Exercise aim: Without changing a character, output all of the records.

[Opening Data supplied section]

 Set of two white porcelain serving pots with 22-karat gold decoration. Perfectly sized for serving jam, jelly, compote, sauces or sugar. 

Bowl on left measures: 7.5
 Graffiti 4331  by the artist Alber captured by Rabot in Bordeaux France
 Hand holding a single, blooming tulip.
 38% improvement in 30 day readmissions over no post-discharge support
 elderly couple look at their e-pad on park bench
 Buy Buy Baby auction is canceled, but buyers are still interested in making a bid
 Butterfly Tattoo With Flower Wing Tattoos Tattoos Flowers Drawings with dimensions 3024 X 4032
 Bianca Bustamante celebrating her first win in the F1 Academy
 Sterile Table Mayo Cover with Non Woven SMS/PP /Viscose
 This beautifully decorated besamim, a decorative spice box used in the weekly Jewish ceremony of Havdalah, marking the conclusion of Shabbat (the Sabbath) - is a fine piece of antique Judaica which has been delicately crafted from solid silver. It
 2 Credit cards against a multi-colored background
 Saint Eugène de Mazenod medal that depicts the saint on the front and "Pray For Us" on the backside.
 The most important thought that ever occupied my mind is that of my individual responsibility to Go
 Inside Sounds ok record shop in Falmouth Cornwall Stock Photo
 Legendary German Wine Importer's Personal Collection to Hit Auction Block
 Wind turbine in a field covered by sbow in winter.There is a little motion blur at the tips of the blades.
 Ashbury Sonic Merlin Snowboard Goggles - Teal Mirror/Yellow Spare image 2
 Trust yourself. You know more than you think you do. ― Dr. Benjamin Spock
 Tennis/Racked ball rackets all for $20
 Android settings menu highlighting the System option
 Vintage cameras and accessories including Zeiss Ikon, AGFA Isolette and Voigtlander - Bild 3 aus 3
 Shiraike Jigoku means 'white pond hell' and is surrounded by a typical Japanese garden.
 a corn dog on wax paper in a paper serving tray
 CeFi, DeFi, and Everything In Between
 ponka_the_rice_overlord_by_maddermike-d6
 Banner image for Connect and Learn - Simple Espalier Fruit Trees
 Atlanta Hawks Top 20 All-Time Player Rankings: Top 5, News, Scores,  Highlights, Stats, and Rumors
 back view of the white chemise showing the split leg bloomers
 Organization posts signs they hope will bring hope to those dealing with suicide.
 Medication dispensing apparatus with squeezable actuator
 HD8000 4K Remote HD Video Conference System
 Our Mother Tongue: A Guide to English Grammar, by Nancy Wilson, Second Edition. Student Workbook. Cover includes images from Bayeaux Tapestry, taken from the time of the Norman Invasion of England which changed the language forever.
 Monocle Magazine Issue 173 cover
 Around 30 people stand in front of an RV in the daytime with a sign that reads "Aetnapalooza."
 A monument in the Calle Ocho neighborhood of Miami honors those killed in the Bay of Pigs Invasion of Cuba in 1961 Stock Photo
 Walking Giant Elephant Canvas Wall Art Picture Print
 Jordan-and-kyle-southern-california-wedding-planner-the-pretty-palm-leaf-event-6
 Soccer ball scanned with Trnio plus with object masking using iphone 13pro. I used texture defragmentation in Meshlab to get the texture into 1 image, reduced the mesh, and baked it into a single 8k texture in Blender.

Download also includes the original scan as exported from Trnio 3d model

[Closing Data supplied section]

Your solution:
 Set of two white porcelain serving pots with 22-karat gold decoration. Perfectly sized for serving jam, jelly, compote, sauces or sugar. 

Bowl on left measures: 7.5
 Graffiti 4331  by the artist Alber captured by Rabot in Bordeaux France
 Hand holding a single, blooming tulip.
 38% improvement in 30 day readmissions over no post-discharge support
 elderly couple look at their e-pad on park bench
 Buy Buy Baby auction is canceled, but buyers are still interested in making a bid
 Butterfly Tattoo With Flower Wing Tattoos Tattoos Flowers Drawings with dimensions 3024 X 4032
 Bianca Bustamante celebrating her first win in the F1 Academy
 Sterile Table Mayo Cover with Non Woven SMS/PP /Viscose
 This beautifully decorated besamim, a decorative spice box used in the weekly Jewish ceremony of Havdalah, marking the conclusion of Shabbat (the Sabbath) - is a fine piece of antique Judaica which has been delicately crafted from solid silver. It
 2 Credit cards against a multi-colored background
 Saint Eugène de Mazenod medal that depicts the saint on the front and "Pray For Us" on the backside.
 The most important thought that ever occupied my mind is that of my individual responsibility to Go
 Inside Sounds ok record shop in Falmouth Cornwall Stock Photo
 Legendary German Wine Importer's Personal Collection to Hit Auction Block
 Wind turbine in a field covered by sbow in winter.There is a little motion blur at the tips of the blades.
 Ashbury Sonic Merlin Snowboard Goggles - Teal Mirror/Yellow Spare image 2
 Trust yourself. You know more than you think you do. ― Dr. Benjamin Spock
 Tennis/Racked ball rackets all for $20
 Android settings menu highlighting the System option
 Vintage cameras and accessories including Zeiss Ikon, AGFA Isolette and Voigtlander - Bild 3 aus 3
 Shiraike Jigoku means 'white pond hell' and is surrounded by a typical Japanese garden.
 a corn dog on wax paper in a paper serving tray
 CeFi, DeFi, and Everything In Between
 ponka_the_rice_overlord_by_maddermike-d6
 Banner image for Connect and Learn - Simple Espalier Fruit Trees
 Atlanta Hawks Top 20 All-Time Player Rankings: Top 5, News, Scores,  Highlights, Stats, and Rumors
 back view of the white chemise showing the split leg bloomers
 Organization posts signs they hope will bring hope to those dealing with suicide.
 Medication dispensing apparatus with squeezable actuator
 HD8000 4K Remote HD Video Conference System
 Our Mother Tongue: A Guide to English Grammar, by Nancy Wilson, Second Edition. Student Workbook. Cover includes images from Bayeaux Tapestry, taken from the time of the Norman Invasion of England which changed the language forever.
 Monocle Magazine Issue 173 cover
 Around 30 people stand in front of an RV in the daytime with a sign that reads "Aetnapalooza."
 A monument in the Calle Ocho neighborhood of Miami honors those killed in the Bay of Pigs Invasion of Cuba in 1961 Stock Photo
 Walking Giant Elephant Canvas Wall Art Picture Print
 Jordan-and-kyle-southern-california-wedding-planner-the-pretty-palm-leaf-event-6
 Soccer ball scanned with Trnio plus with object masking using iphone 13pro. I used texture defragmentation in Meshlab to get the texture into 1 image, reduced the mesh, and baked it into a single 8k texture in Blender.

Download also includes the original scan as exported from Trnio 3d model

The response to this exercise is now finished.